# Wassertieren bei Openseamap



## onyx134 (8. April 2012)

Hallo zusammen, ich habe mir aufs iPad die App. Von openseamap geladen. Wie kann ich denn da die Wassertiefen einblenden?

Bevor jetzt wieder die angsthasen kommen, ich will damit nicht navigieren. Dazu haben wir nen richtigen Plotter, aber um mir mal ein paar schöne Kanten zu suchen und Törns zu planen, wäre das sehr hilfreich.
Oder weiß jemand wo ich eine Seekarte vom kleinen Belt, gerade so um Als herum.


----------



## ulf (21. April 2012)

*AW: Wassertieren bei Openseamap*

Hallo

Wenn man sich die Karten online im Vollbild-Modus anschaut, dann kann man im Menu "Ansicht" Meeresprofil anwählen.
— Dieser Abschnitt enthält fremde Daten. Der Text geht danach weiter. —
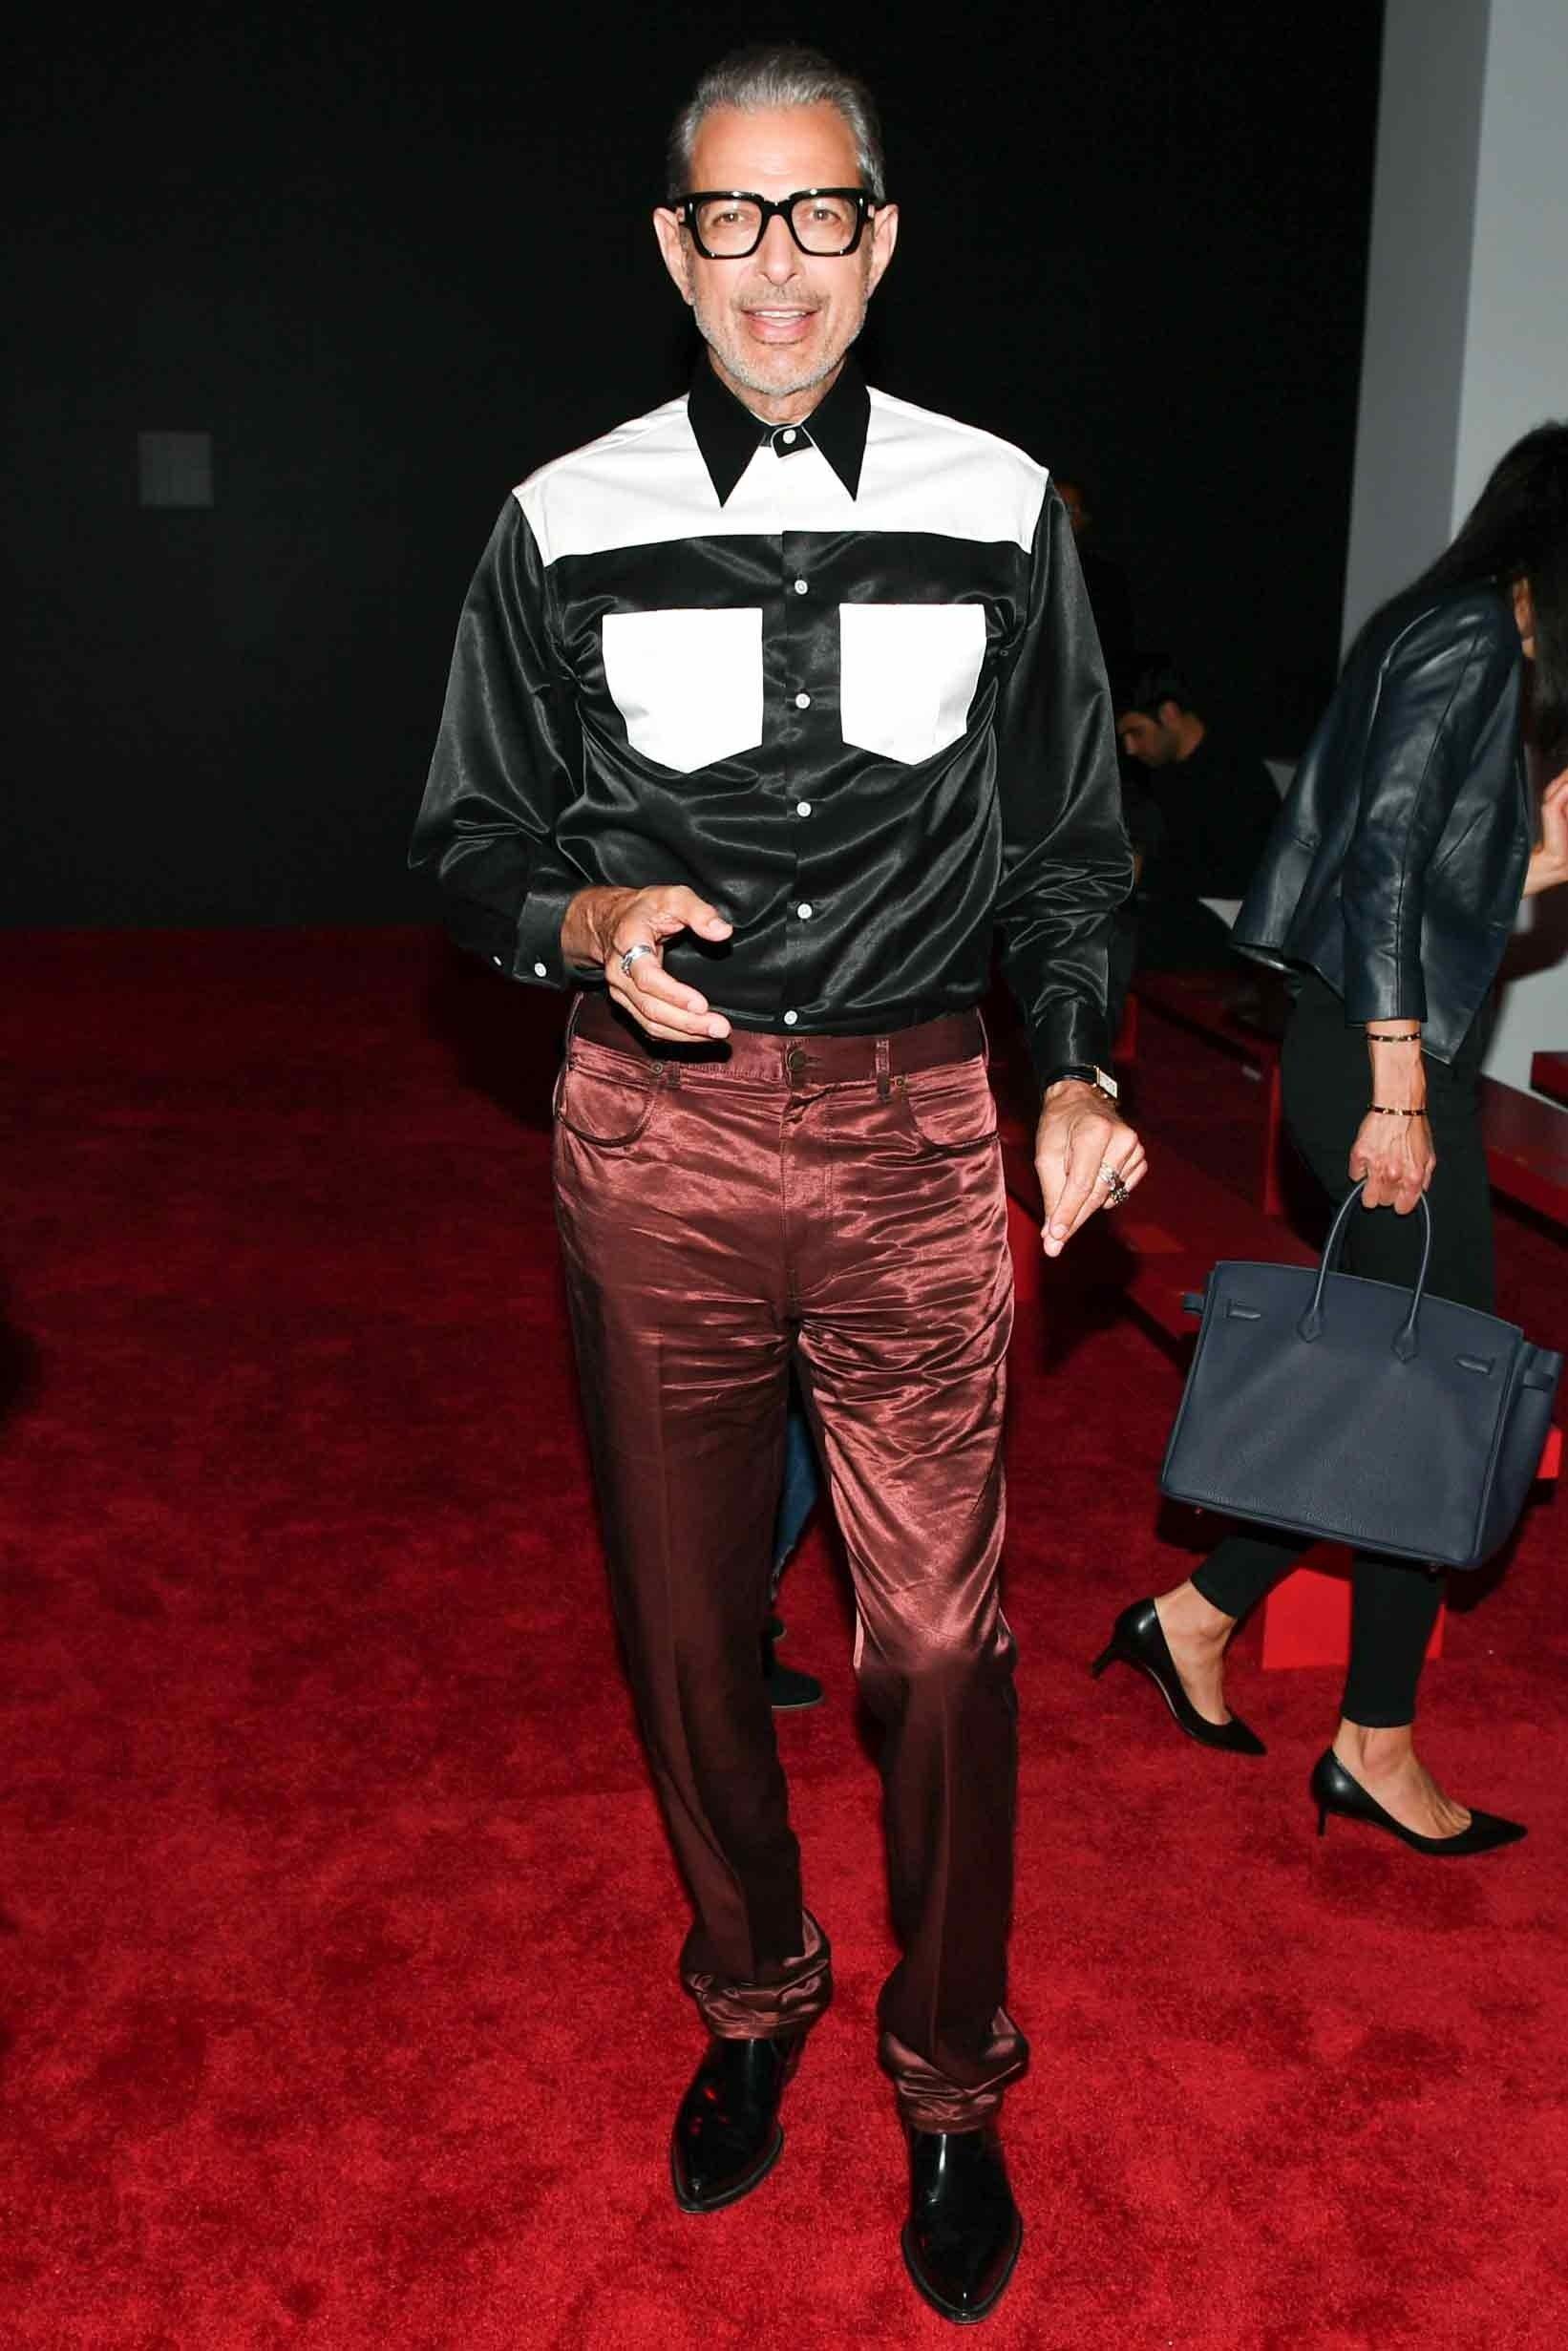 Dù bước sang tuổi 66 nhưng nam diễn viên người Mỹ Jeff Goldblum vẫn cực kỳ phong độ trong thiết kế của Calvin Klein 205W39NYC. Ảnh: GQ

Das scheint aber nur eine recht grobe Darstellung zu sein.
Was man auch noch beachten muß ist, daß beim download der Karte(n) auch der Layer für die Tiefen-Info überhaupt mit dabei ist.
Z.B in den OSM-Garmin-Karten sind keine Tiefeninformationen drin.

Gruß Ulf


----------



## ksmichel (8. Mai 2012)

*AW: Wassertieren bei Openseamap*

Navionics hat eine DK-Seekarte. Als IPad-App. Ich nehm sie zum Tauchen.


----------